The Gray Dawn by Stewart Edward White
Having personally delivered the deeds to the recorder's office, Keith went home. In the relief from pressure, the triumph, and the exaltation, his instinct carried him to the actual background of his life--his genuine but preoccupied affection for Nan. The constraint, that had been so real to her, had never been anything but nebulous to him.
He burst into the house, capered around the room boyishly, seized her, and waltzed her gayly about. Quite taken by surprise, Nan's first thought was that he had been drinking too much; so naturally she failed to rise instantly to the occasion.
"Stop it, Milton!" she cried. "What has got into you! You're tearing me to ribbons!"
He laughed heartily.
"You must think I'm crazy," he acknowledged. "Sit down here, and learn what a great man your husband is." He poured out the story of the transaction, omitting no details of the clever schemes by which it had been worked. He was, above all, proud of his legal address and acumen--there was something in Eastern training, after all; this lay right under their noses, but none of them saw it until he came along and picked it up. "And there are some pretty smart men out here, too, let me tell you that," he added. "They're from all parts of the world, and they've had a hard practical education, their eye teeth are cut!" His egotism over being keener than the acknowledged big men was very fresh and charming. The money gained he mentioned as an afterthought, only when the other aspect of the situation had been exhausted. "The cold hard dollars are pretty welcome just now," he told her. "There's about a quarter million in those lots--and we can realize on all or part of them at any time. All came out of here!" He tapped his forehead, and paused in his rapid pacing to and fro to look down at her In the easy chair, "We are well off now. We needn't scrimp and save"--it did not for the moment occur to him that they had not been doing so--"I'm going to get you eight new gowns, and twelve new hats, and a bushel of diamonds----"

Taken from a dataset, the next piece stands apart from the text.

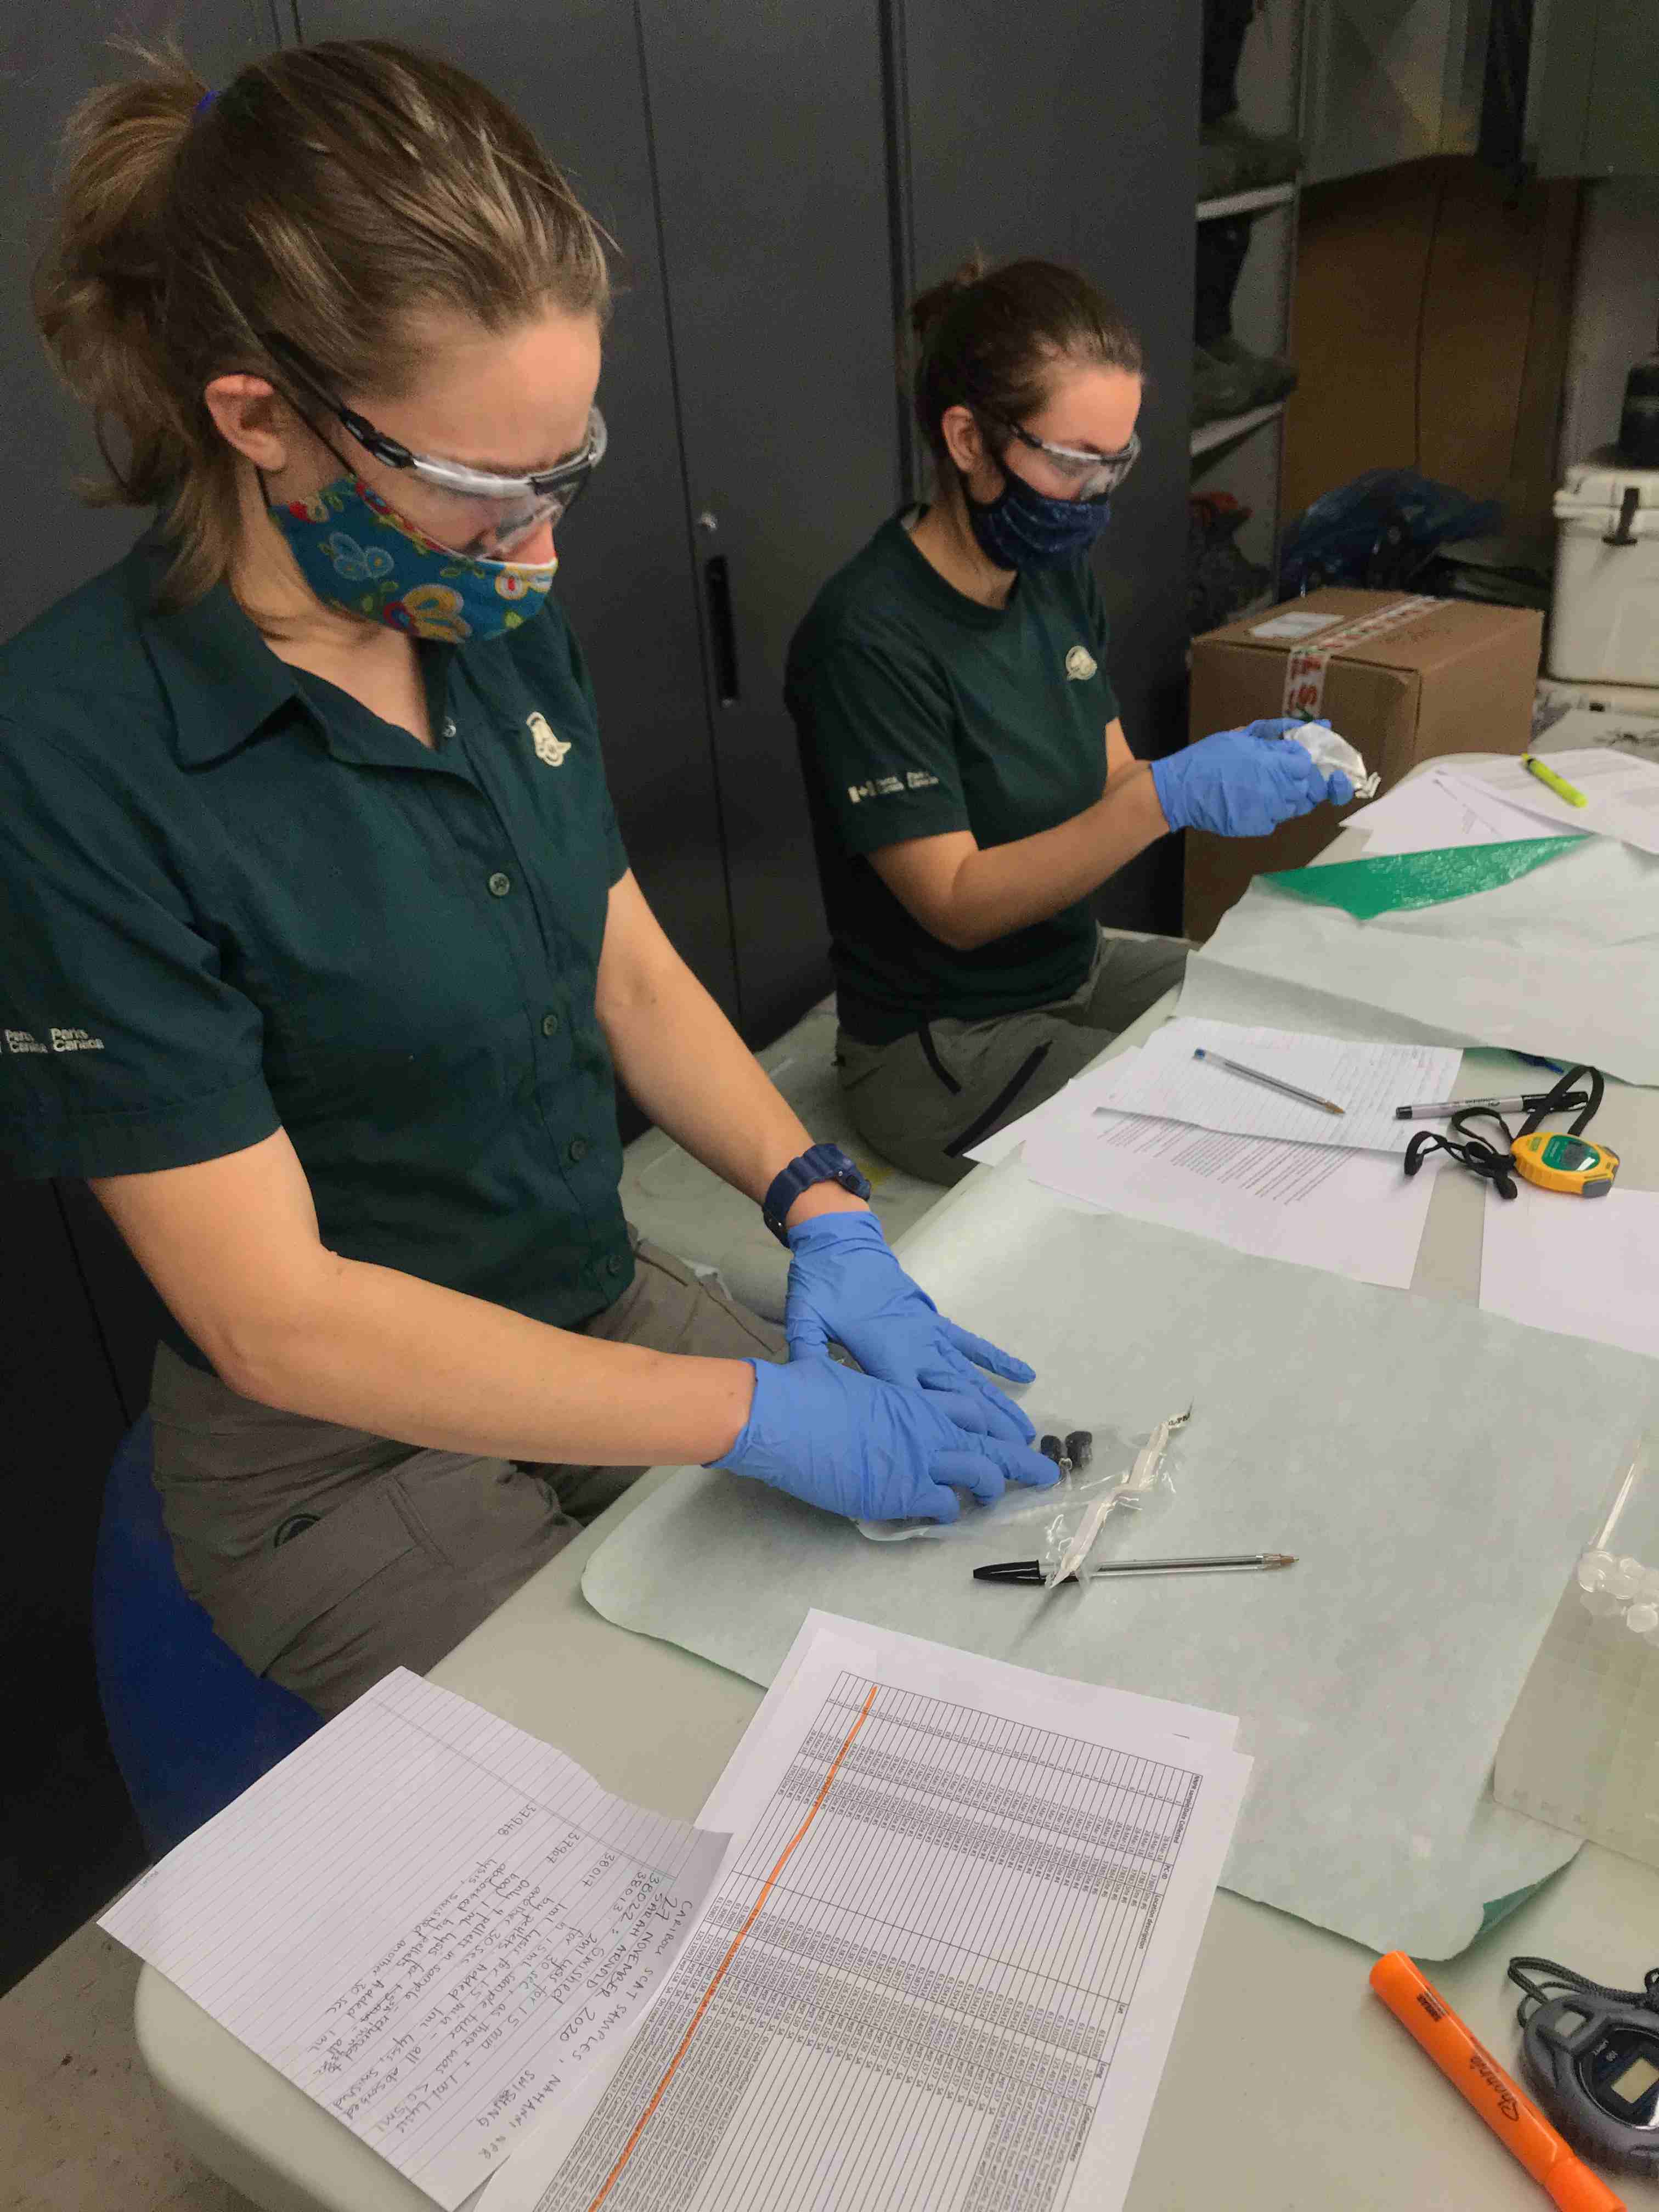 Deux employés de Parcs Canada traitent des échantillons d’excréments sur une table avec des papiers, des stylos et des appareils de mesure.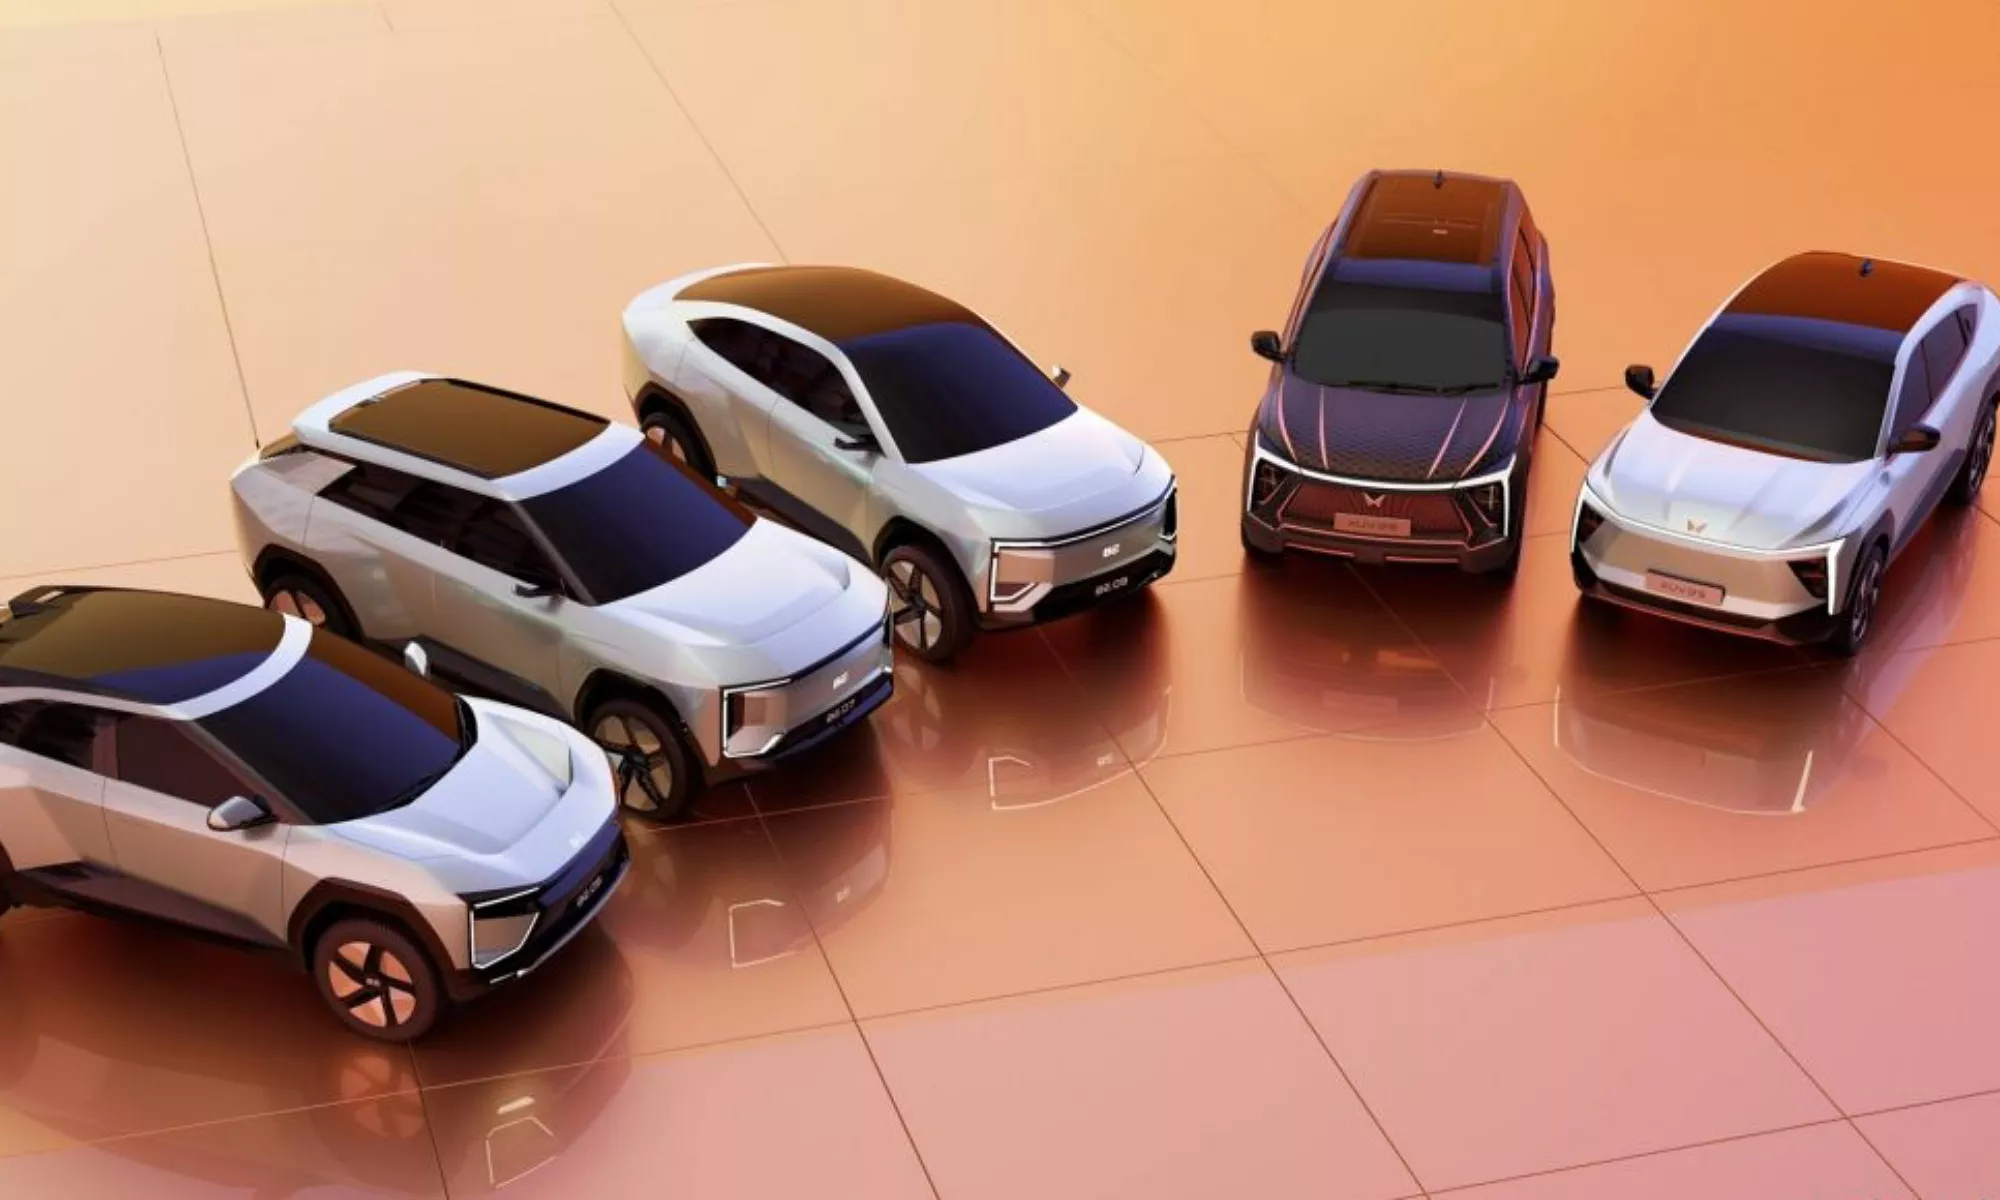 Mahindra ha propuesto cinco lanzamientos eléctricos basados en la tecnología de Volkswagen.

"I'm glad, very glad!" she cried, catching his enthusiasm, her mind for the first time occupying itself seriously with the mechanism of the deal. At first, when he had been explaining, she had not thrown off the impression that he had been drinking, and so had paid little attention to his explanations. "It sounds like magic. Tell me again--how you did it,"
Nothing loath, he went over it again, making clear the double clouding of the titles.
But Nan, being much alone, had the habit, shared with few women of that time, of reading the newspapers. She had followed Rowlee's campaign, and she had taken seriously the editor's diatribes, Rowlee had been talking for effect. The ideals of ultimate civic honesty were yet fifty years in the future, but he had stumbled on their principle. Nan's mind, untrained in any business ethics, caught them; and her sure natural instincts had accepted their essential justice. In recognizing Milton's connection as promoter with just this deal, she was suddenly called upon to make adjustments for which there was no time. She knew Milton would do nothing wrong, and yet--he was waiting in triumph for her response.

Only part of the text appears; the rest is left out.